Again, please post questions for help outside of this thread.

----------


## manny

Hello jdodson, everybody. Just to let you know eQuake's site and the entire quakeworld.nu server's have been attacked, and will take some time to be up again. You can still get eQuake before the servers get fixed here ftp://ftp.yi.se/pub/software/equake/eQuake/Linux/
The script kiddies resposible for this are here: http://www.myg0t.com/ they've already deleted the forums using a php bug.
If you have some questions or need some info/news come to #quakeworld at quakenet irc

----------


## charlieg

This list is missing Fish Fillets which is a superb mind-bendingly difficult puzzle game.

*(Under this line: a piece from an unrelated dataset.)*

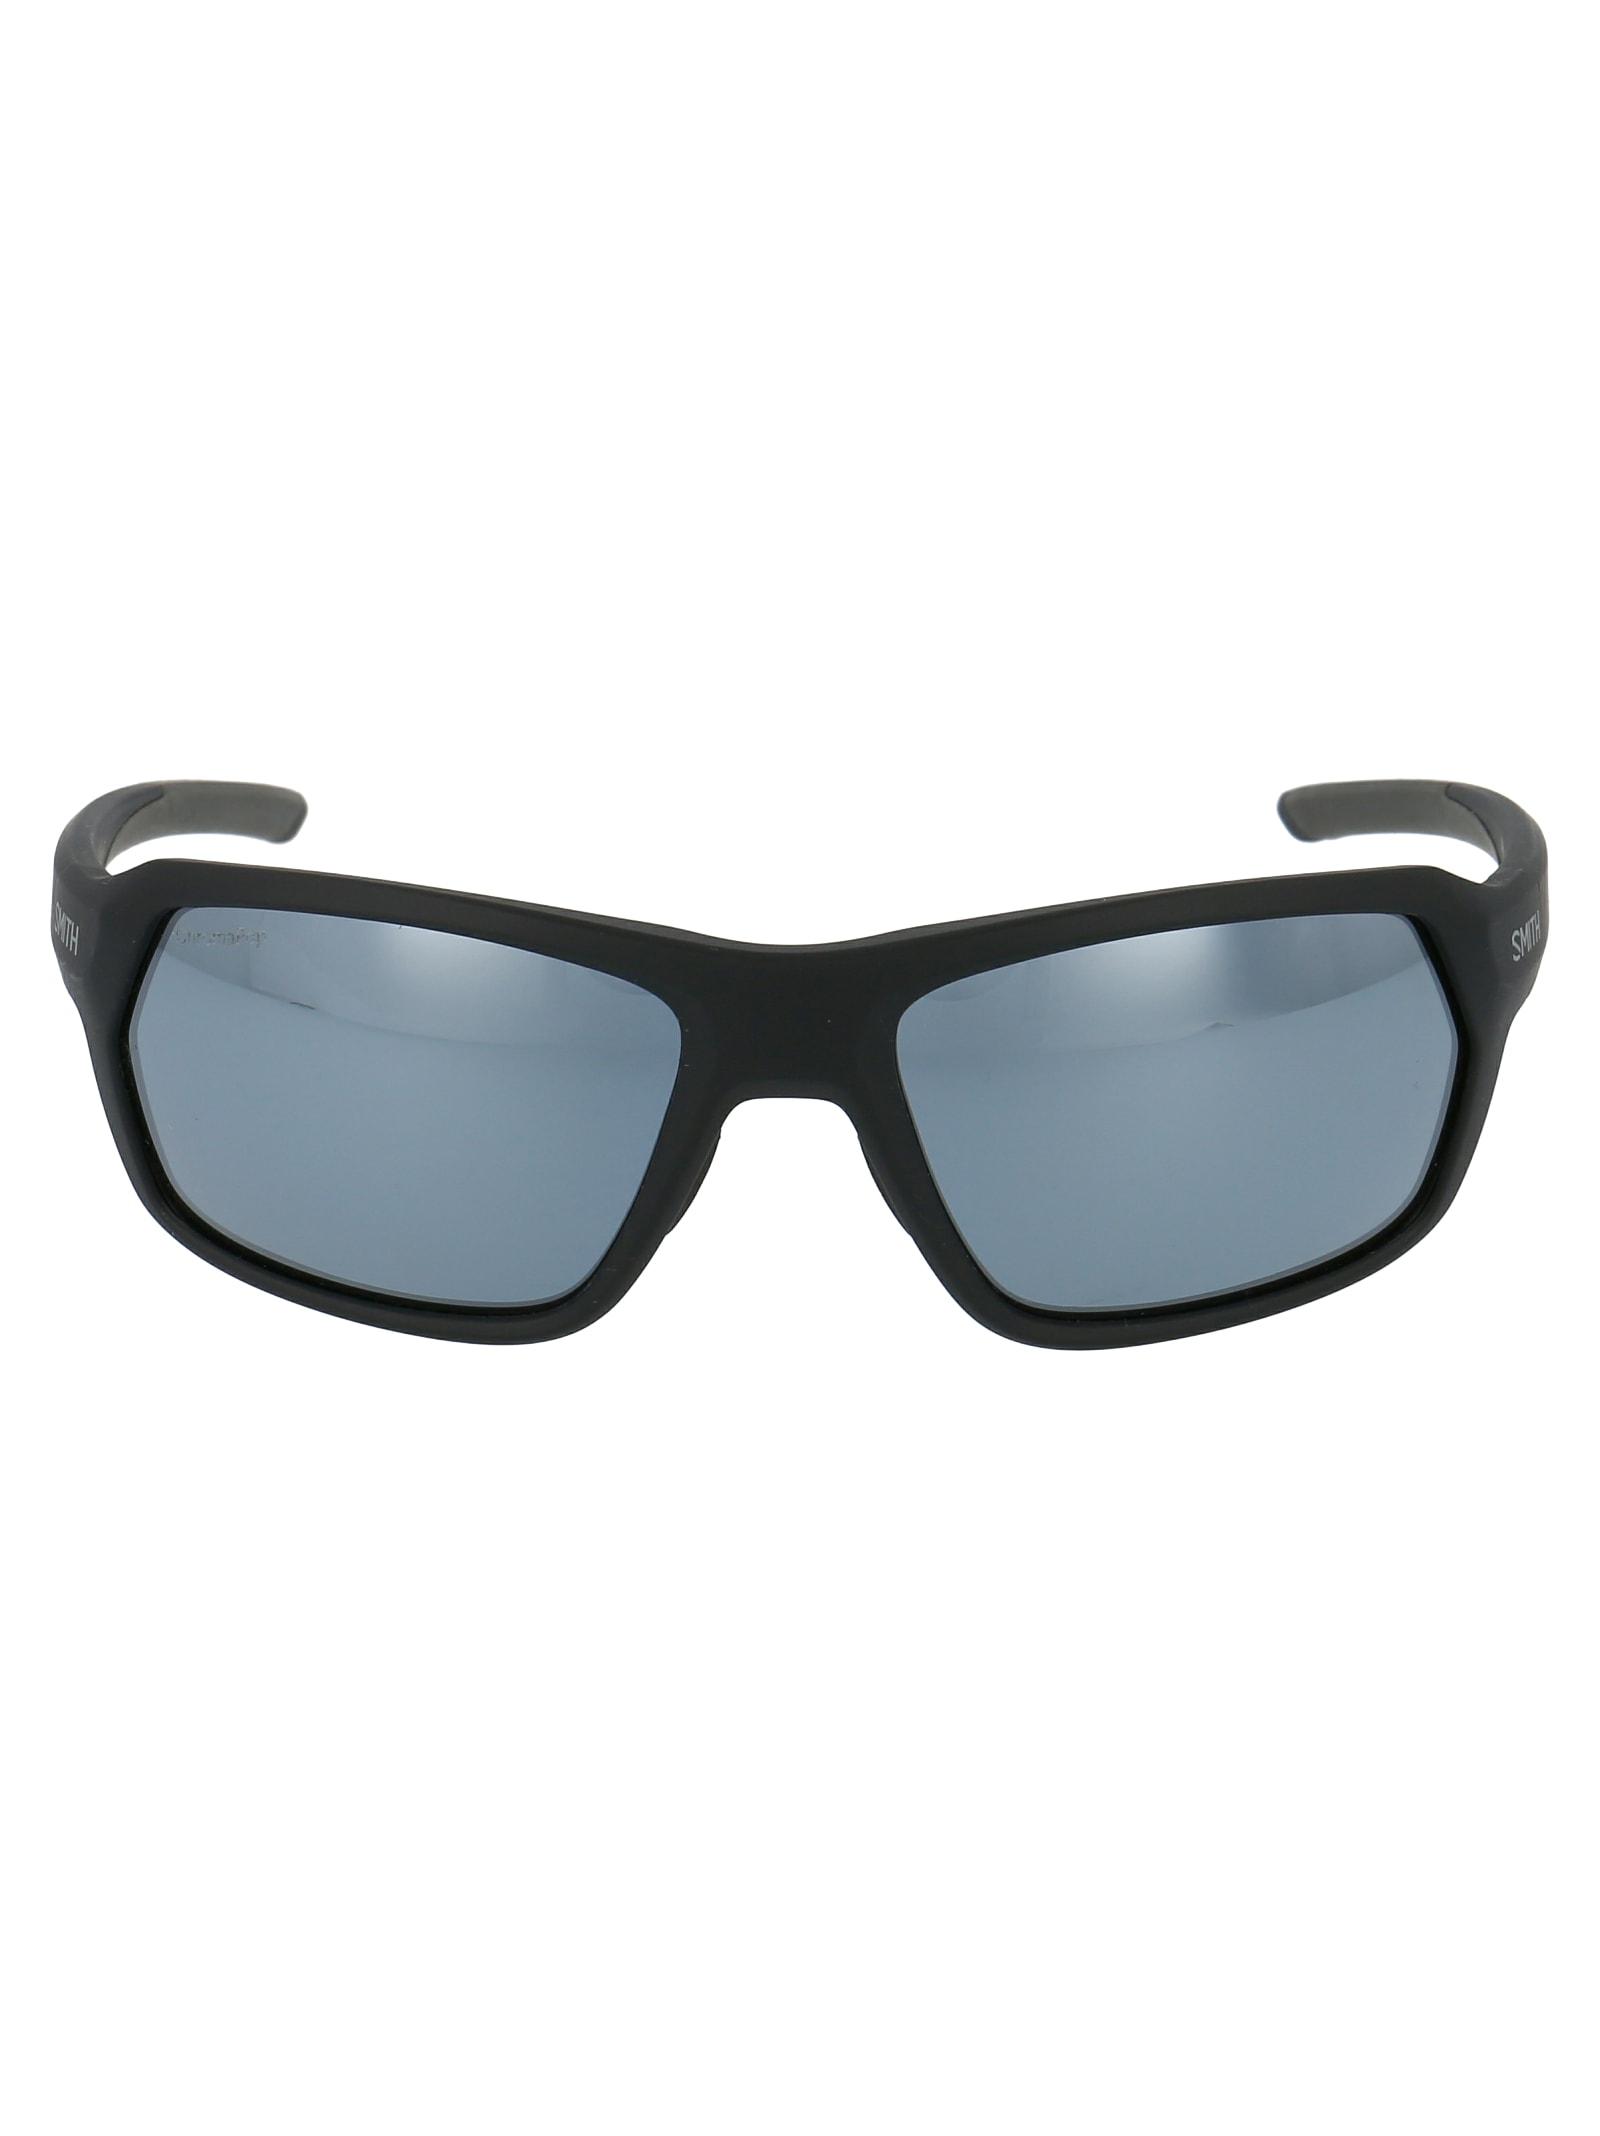 Smith Rebound Sunglasses In 003op Matt Black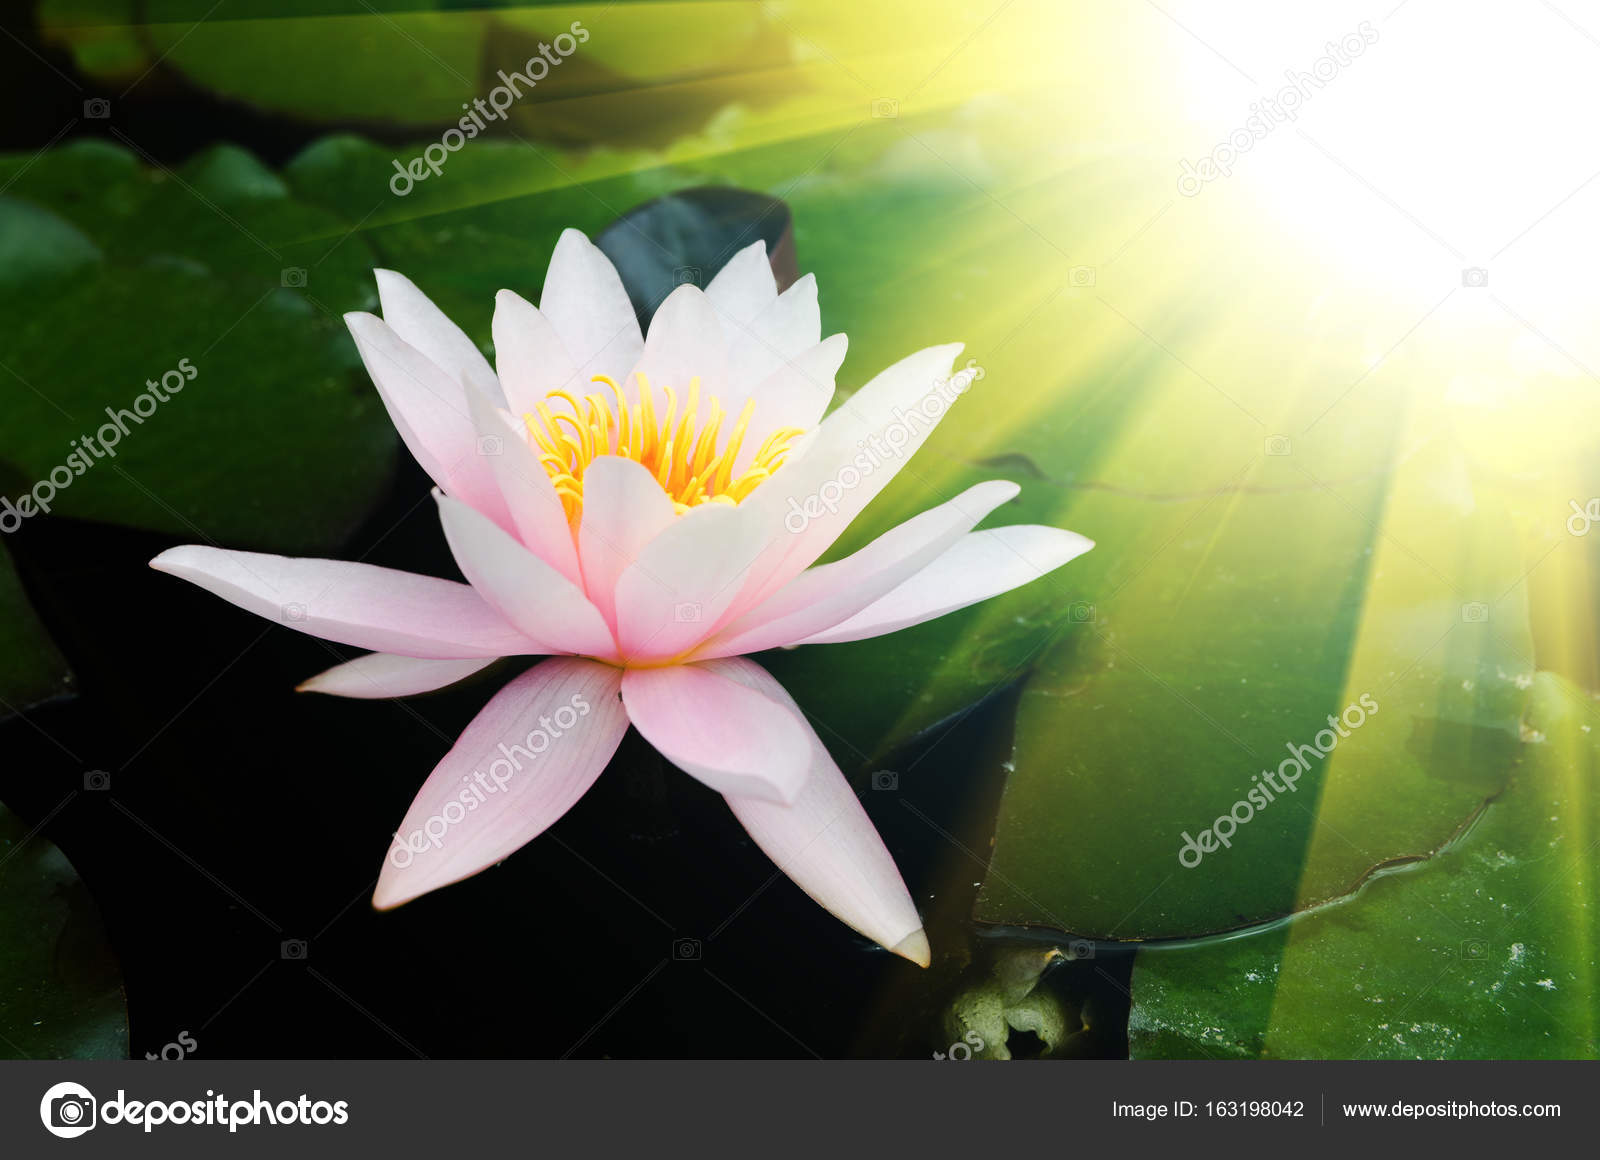 Beautiful lotus flower stock photo klagyivik 163198042 beautiful lotus flower on pond photo by klagyivik izmirmasajfo Images

Edit: Also it's available (probably in backports) for Ubuntu!

----------


## arcanistherogue

You should add TuxKart on here, its pretty fun.

----------


## npaladin2000

Methinks someone forgot LBreakout2, and LTris.

Also, so far Loki's Sid Meirs Alpha Centauri works great.

----------


## jdodson

I updated the list. 

Remember if you want me to add your game, create it in the format all the other games are in.  I will not add it otherwise(unless the game is something _VERY_ special).

----------


## DancingSun

Can you add this game?

True Combat: Elite
Category - FPS
Requires 3D/Video, Wolfenstein: Enemy Territory
Free? - Unsure of license. Free as in cost and download.
dem0? - its already free.
Platform - x86 (works on x86_64 as well)
Description - A Wolfenstein: Enemy Territory modification, TC:E is a fast-paced, gameplay oriented team shooter with very realistic elements. For example, the maps, weapons, and locations look very realistic. Of course some elements have to trade off between realism and gameplay. The damage of the weapons and the movement capabilities of the characters are not quite a true simulation. On the other hand, comparing TC:E to other games that are known as realism shooters, you would certainly say TC:E is very realistic -- this is no arcade.
Notes - Install ET, then download the Loki installer here to install TC:E.
Website - http://www.truecombat.com/intro.php

Also, it would be nice if you can make a note (as above) for games that can be played on the x86_64 architecture.  So far I've tried the Doom3 demo (I would expect the full version to work as well), America's Army, ET, and Neverwinter Nights on AMD64, they all pretty much work out-of-the-box.

----------


## arcanistherogue

I found a great game I used to play on Windows.

Wyvern
Category - MUD/MMORPG
Requires Java Runtime Environment
Free? - free for client, and free for signup.
dem0? - No need.
Platform - x86, pretty sure it works on PPC and 64 bit.
Description - A very fun free MMO that is based off java.  A bit slow at some parts, but it is a great game for a free one.  There are many races and classes, and there are also many quests and puzzles to be solved for rewards and experience.  The game is constantly growing with new sections added every now and then.  Since the maps aren't all made by one person, there is some variation in scenery as you travel.
Notes - none
Website - http://www.cabochon.com

----------


## slux

We're missing Warzone 2100 (as previously discussed) here.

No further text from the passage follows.